= Drisha Institute =

The Drisha Institute for Jewish Education is a center for advanced Jewish learning located on the Upper West Side of New York City. Though initially founded to promote advanced scholarship for women, it has since expanded to offer text-based learning for men and women of all ages.

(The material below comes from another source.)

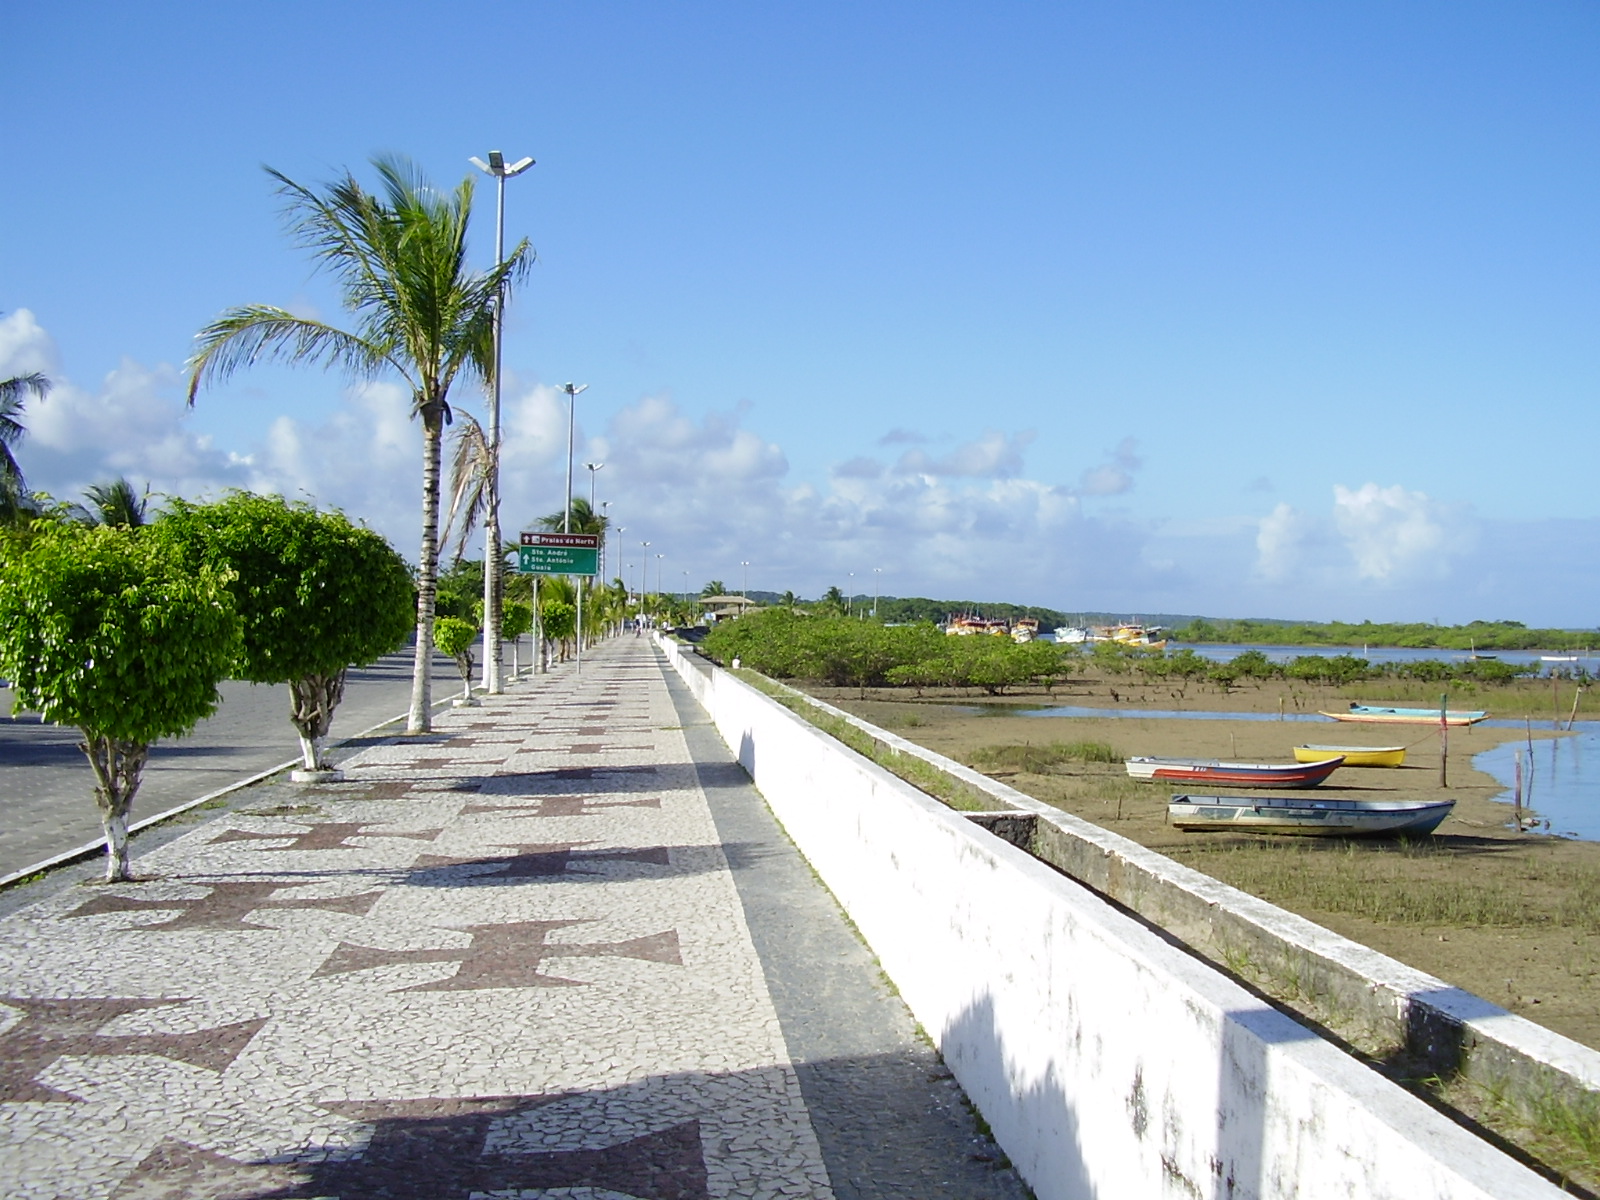 the small harbour walkway, leading to the main harbour and to the bus station

== Educational programs ==

Drisha offers ongoing classes, community lectures (including Dirshu: Confronting Challenges with Heart and Mind), a Winter Week of Learning, the Drishat Shalom Fellowship for graduate students and young professionals, winter and summer programs for college students, a summer program for high school girls, High Holiday prayer services, an executive seminar, and various programs in Israel.

== History ==

Drisha was founded by Rabbi David Silber in 1979 as the world's first center dedicated specifically to women's studies of classical Jewish texts (e.g., the Hebrew Bible and Talmud). Rabbi Silber received ordination from Yeshiva University's Rabbi Isaac Elchanan Theological Seminary, and was the recipient of the Covenant Award in 2000. He is the author of A Passover Haggadah: Go Forth and Learn.

==See also==
- Jewish feminism
- Midrasha - overview of higher Jewish learning institutions for women.
- Role of women in Judaism - discusses various views of woman's study, including Haredi objections to Talmud study by women.
- Torah study - discusses the mitzvah of learning.
- similarly focused Midrashot:
  - Matan
  - Nishmat
  - Midreshet Lindenbaum
  - Midreshet Ein HaNetziv
- Yeshivot ordaining women:
  - Beit Midrash Har'el (Orthodox)
  - Maharat (Open Orthodox)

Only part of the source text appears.